'How to understand the quotation about the member functions with ref-qualifiers?

As per the document , which says that

During overload resolution, non-static cv-qualified member function of class X is treated as a function that takes an implicit parameter of type lvalue reference to cv-qualified X if it has no ref-qualifiers or if it has the lvalue ref-qualifier. Otherwise (if it has rvalue ref-qualifier), it is treated as a function taking an implicit parameter of type rvalue reference to cv-qualified X.

Questions:

1.What about the member functions without any ref-qualifier? They would be treated as functions that implicitly declared with the lvalue ref-qualifier. Am I right?

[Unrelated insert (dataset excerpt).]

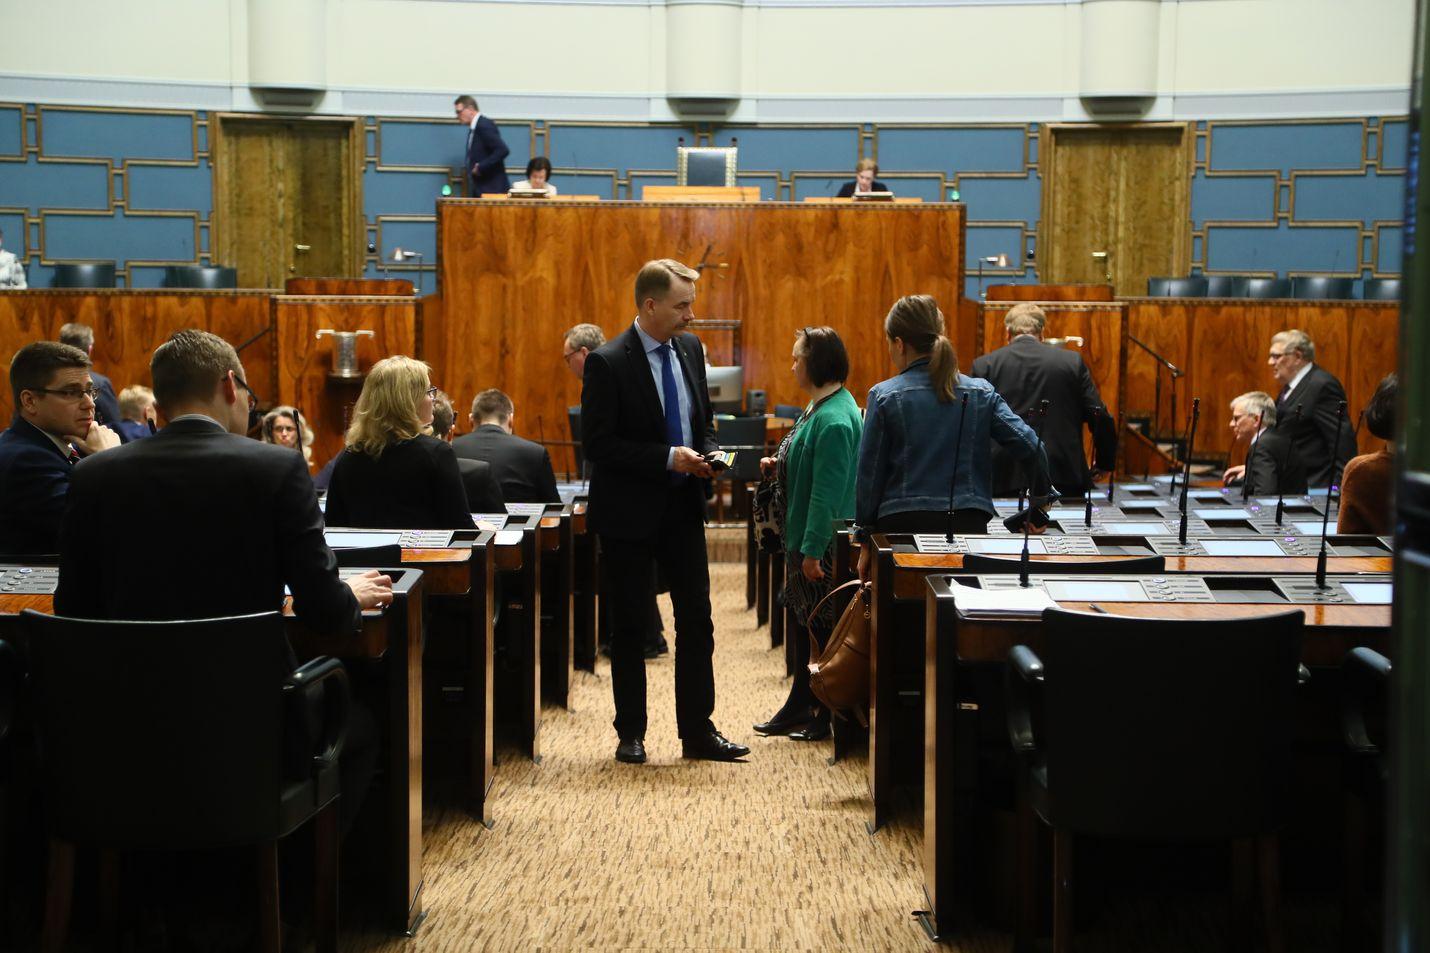 Eduskunnan ensimmäinen istunto keskiviikkona kello 15 kesti vain viitisen minuuttia.
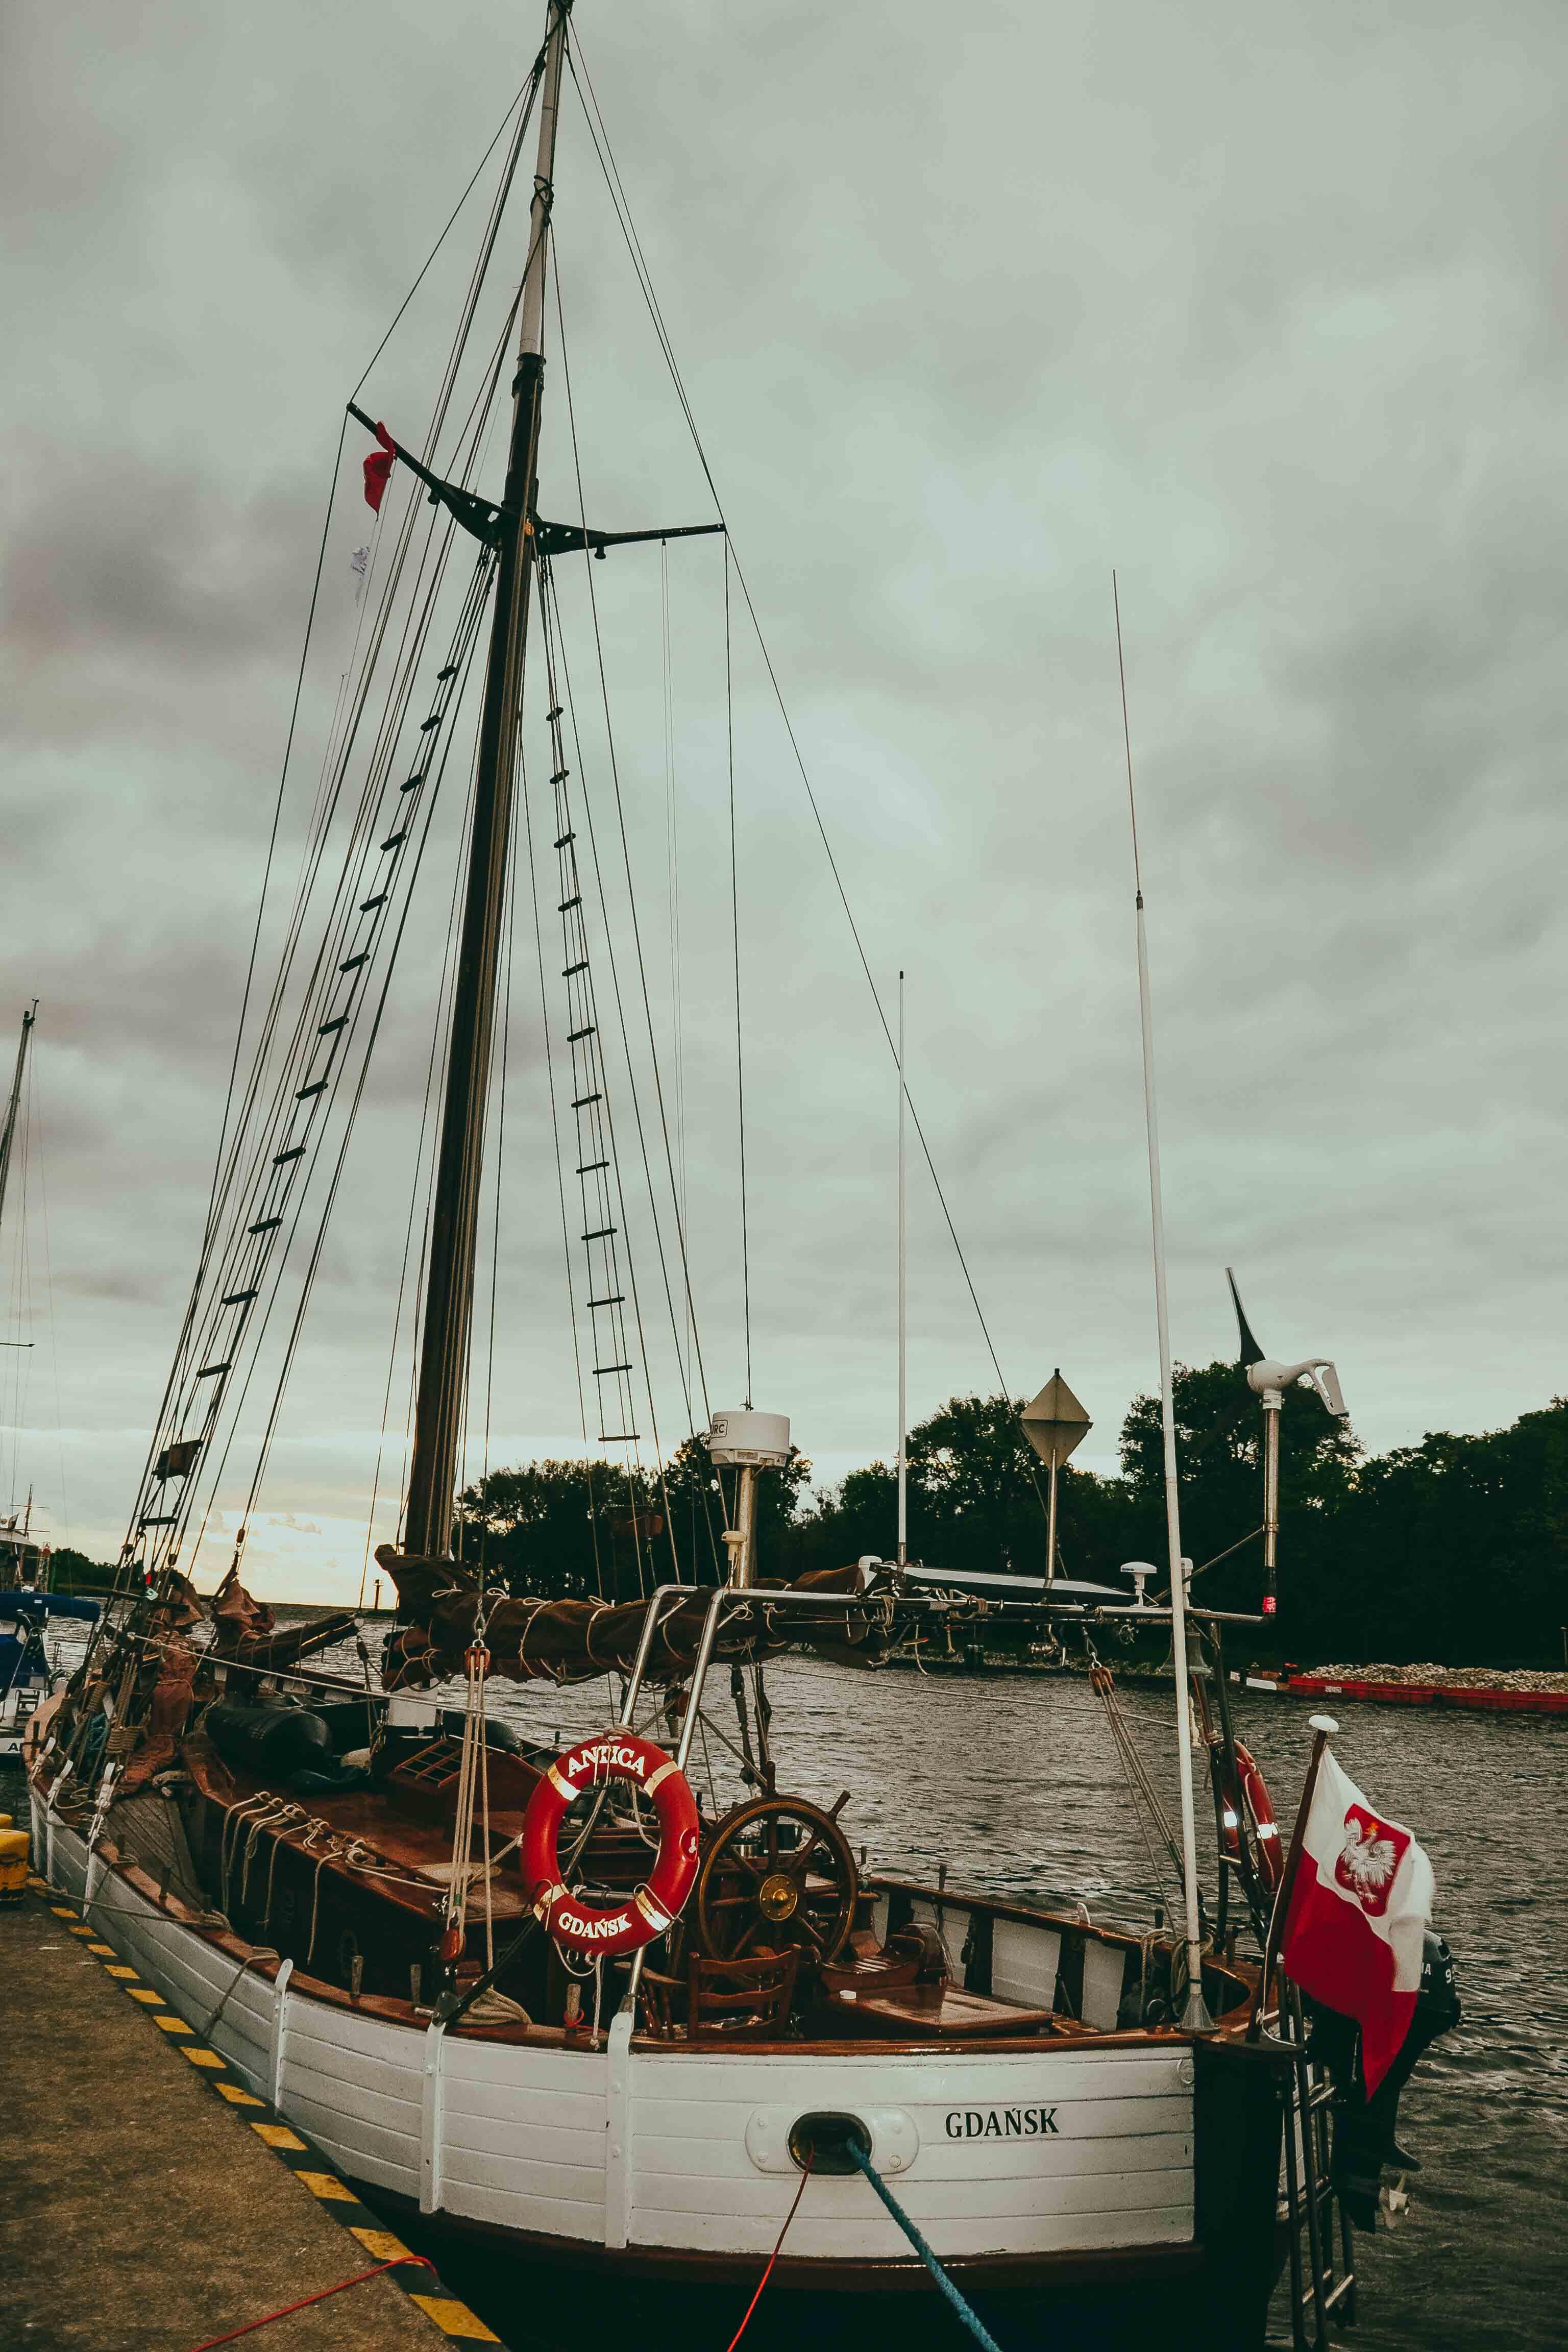 trzebież-port-marina-okonasznurku-fotografia (53)

2.Why it's limited to non-static cv-qualified member function(i.e. see the text in bold) other than non-static member function? What are the differences between them?



Solution 1:[1]

.What about the member functions without any ref-qualifier?

This has answer in the statement that you quoted. In particular(note the bold part in the quoted statement below),

During overload resolution, non-static cv-qualified member function of class X is treated as a function that takes an implicit parameter of type lvalue reference to cv-qualified X if it has no ref-qualifiers...

This means that for non-static const qualified member functions which are without any ref-qualifiers, during overload resolution they are treated as if they have an implicit object parameter of type const X&.


Why it's limited to non-static cv-qualified member function

It's limited to non-static member function because static member functions don't make use of this pointer. That is, they(static member functions) are not called on objects. In other words, they don't have a this pointer associated with them.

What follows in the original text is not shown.